■ **Supplied information**:
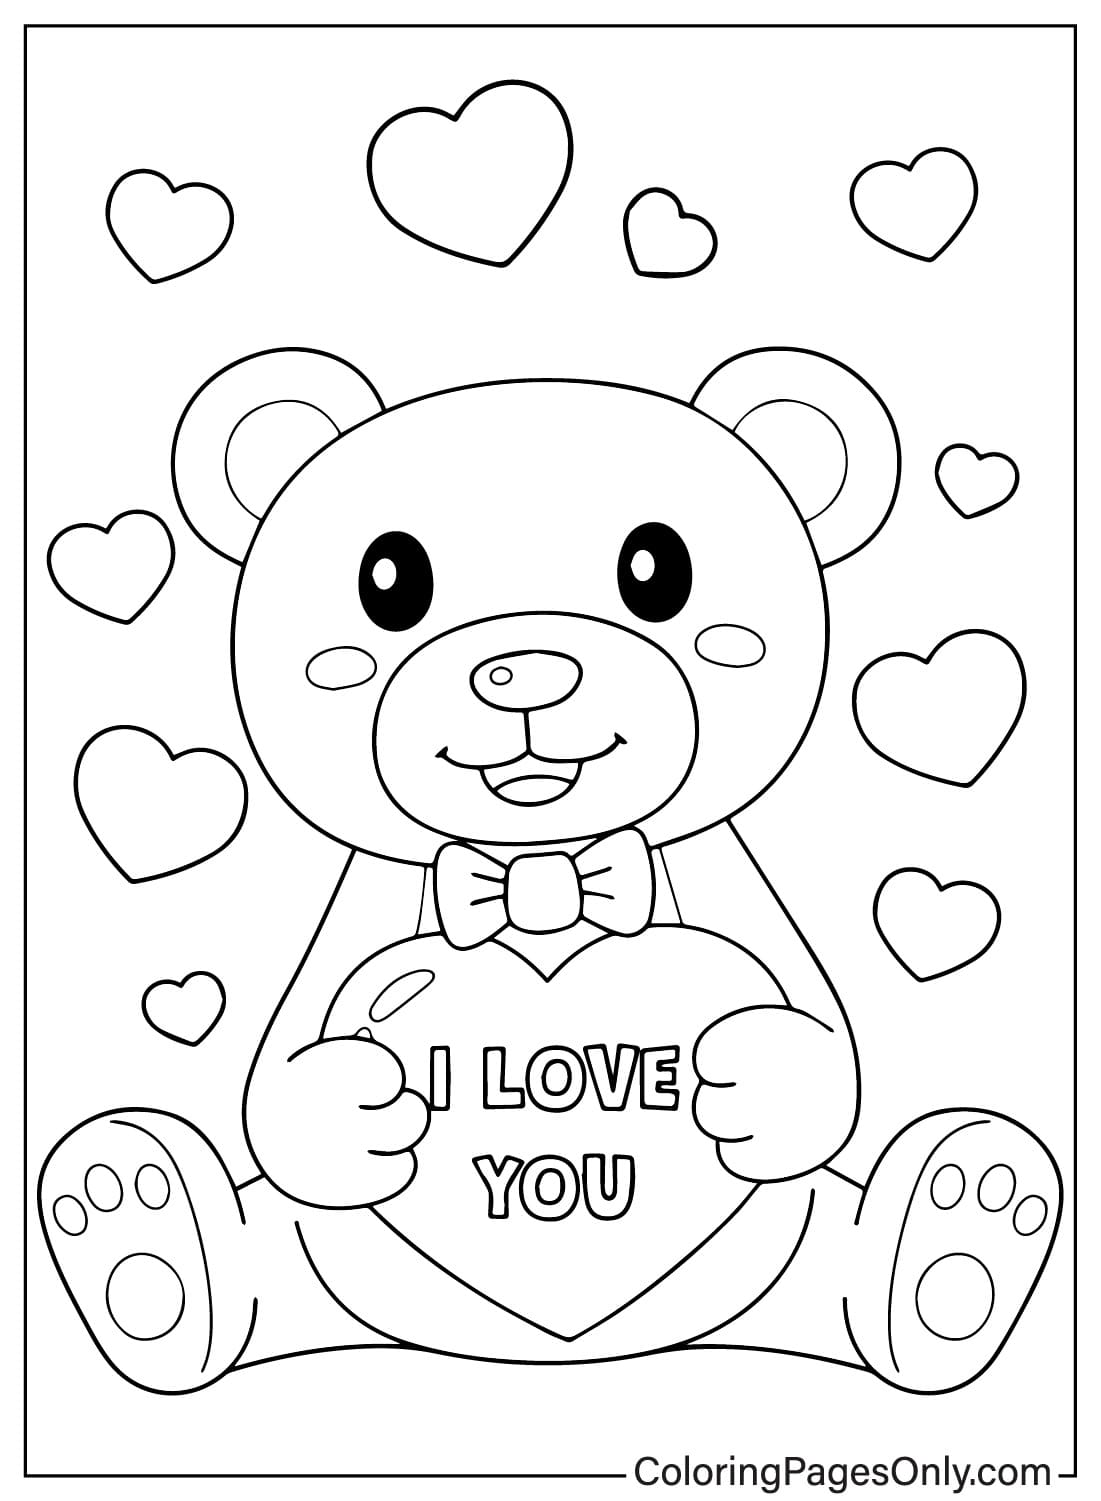 泰迪熊着色页可从泰迪熊打印
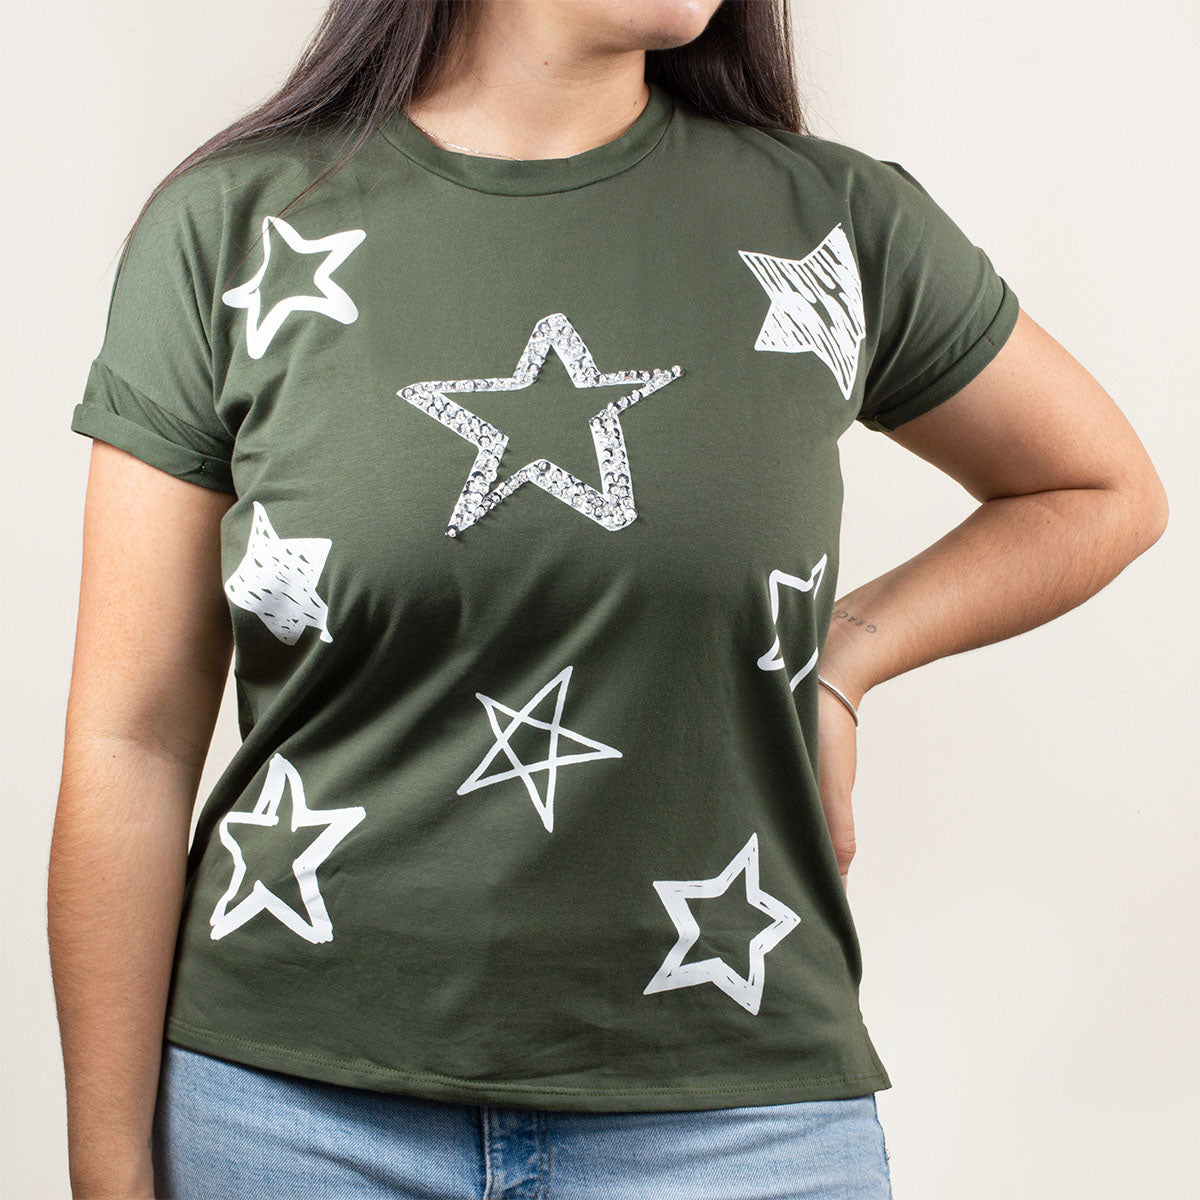 Camiseta básica color verde militar con estampado de estrellas
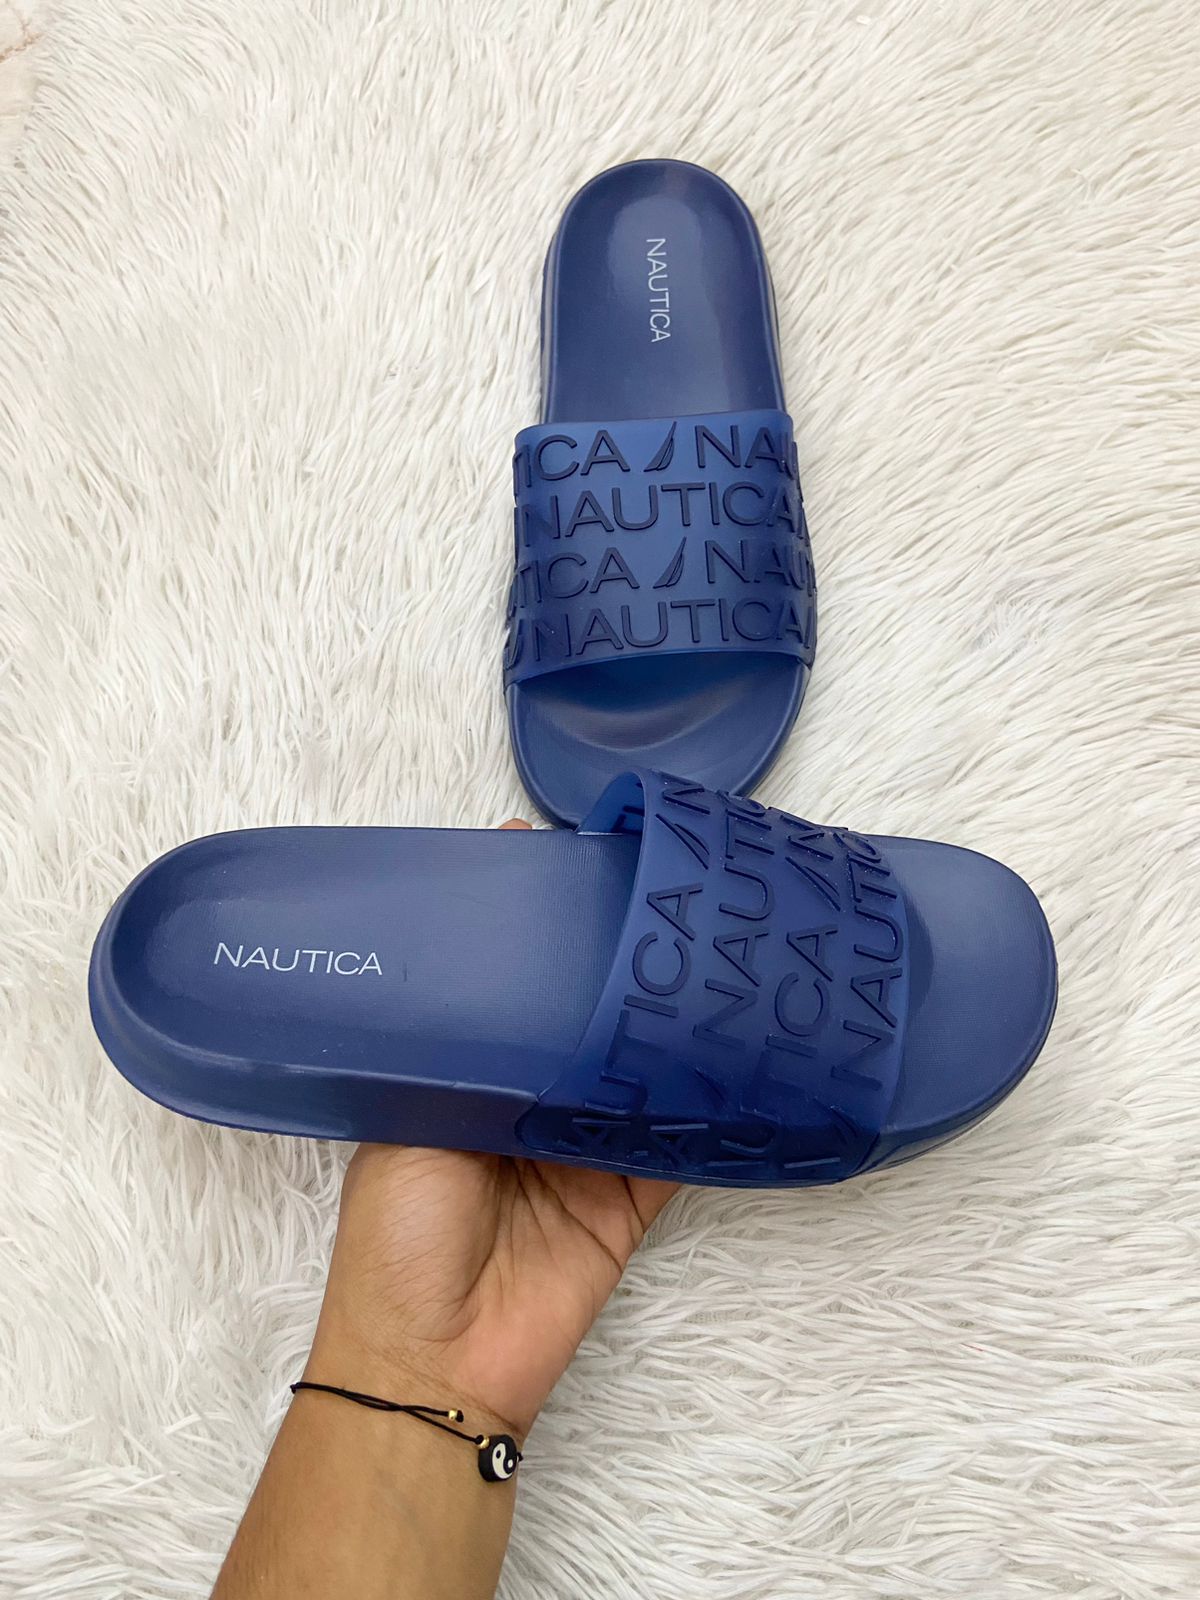 Sandalias NAUTICA original, Azul marino con letras NAUTICA alrededor.
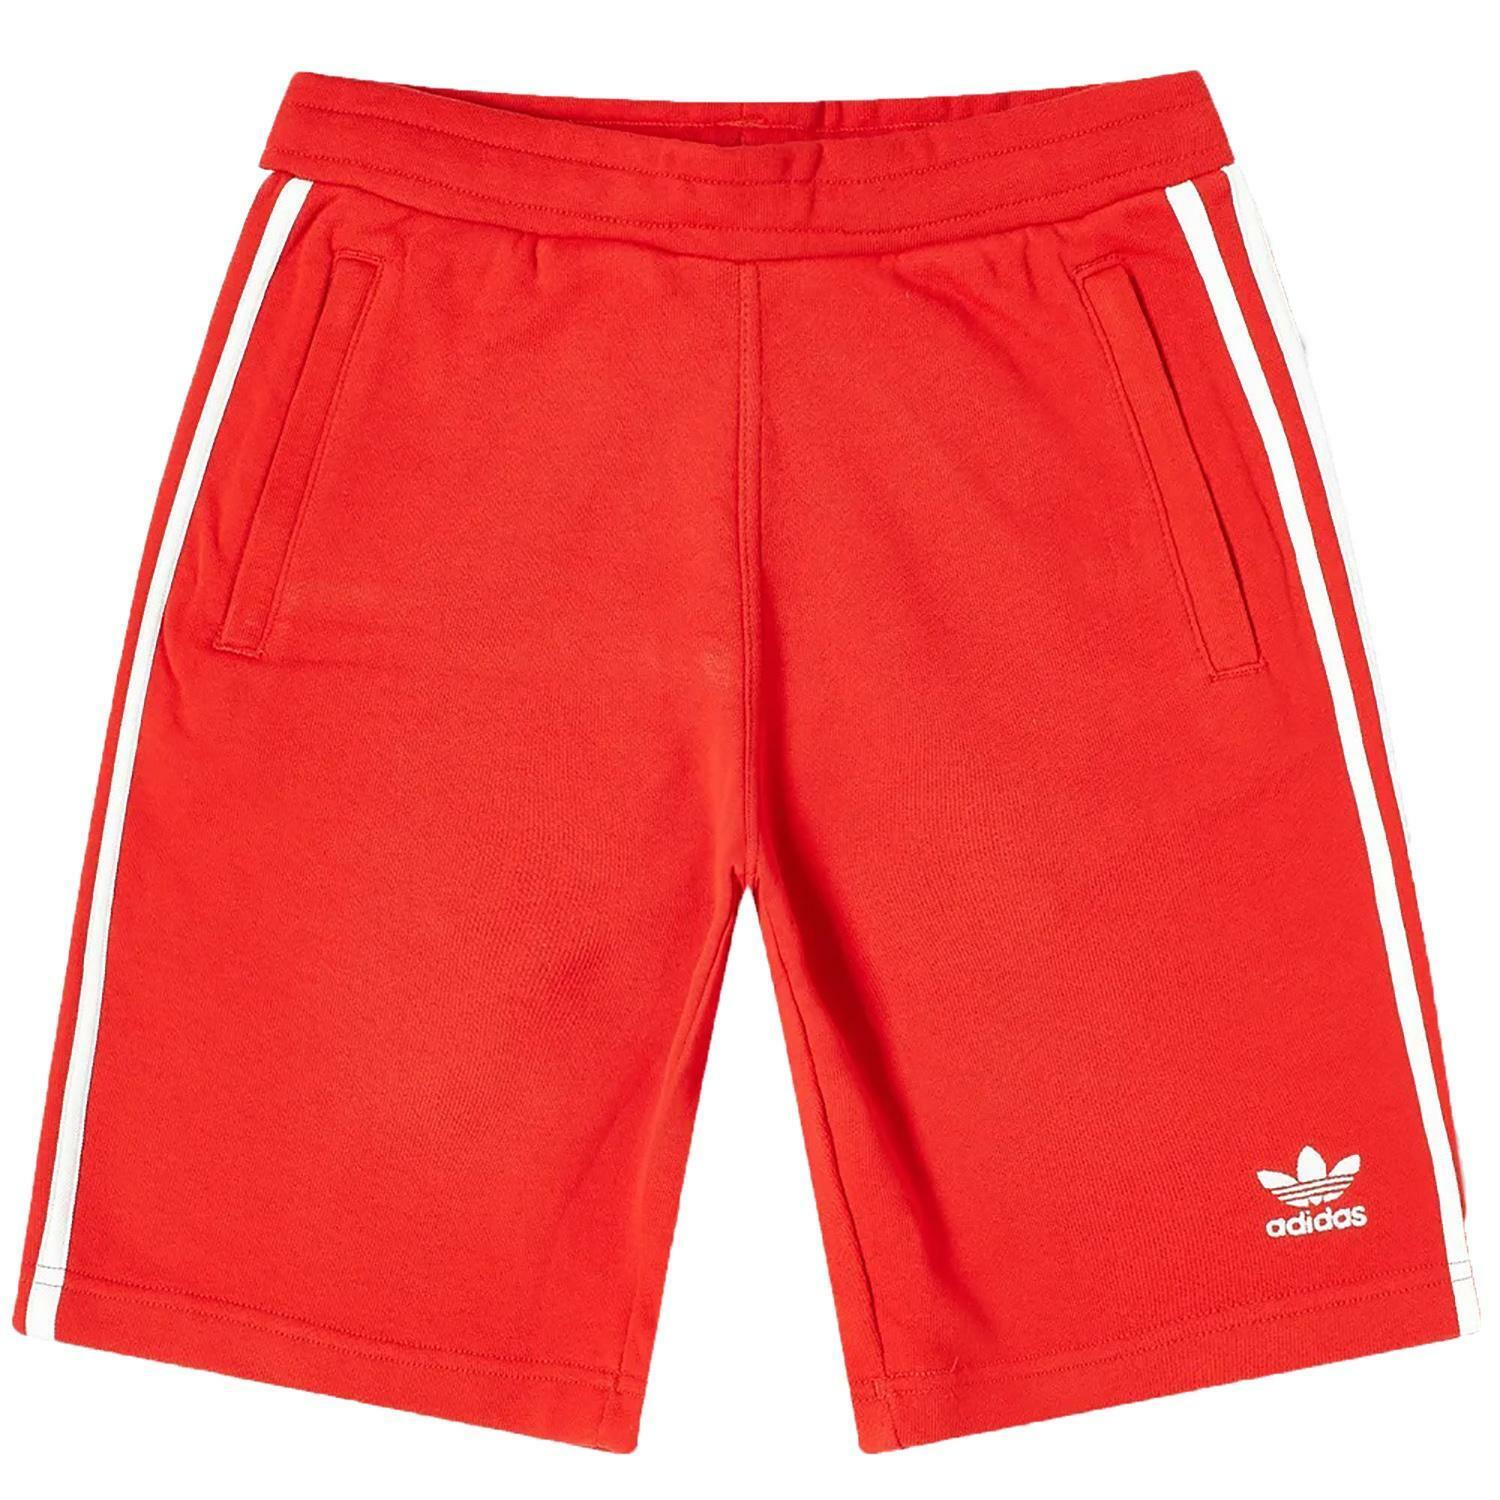 Adidas 3-stripe pantaloncini uomo rossi gd9967

■ **Problem to solve**: With pictures left out, repeat exactly the lines from the one containing "Camiseta básica color" through the last line of the data above, inclusive, and nothing else.

■ **Solution to this exercise**:
 Camiseta básica color verde militar con estampado de estrellas
 Sandalias NAUTICA original, Azul marino con letras NAUTICA alrededor.
 Adidas 3-stripe pantaloncini uomo rossi gd9967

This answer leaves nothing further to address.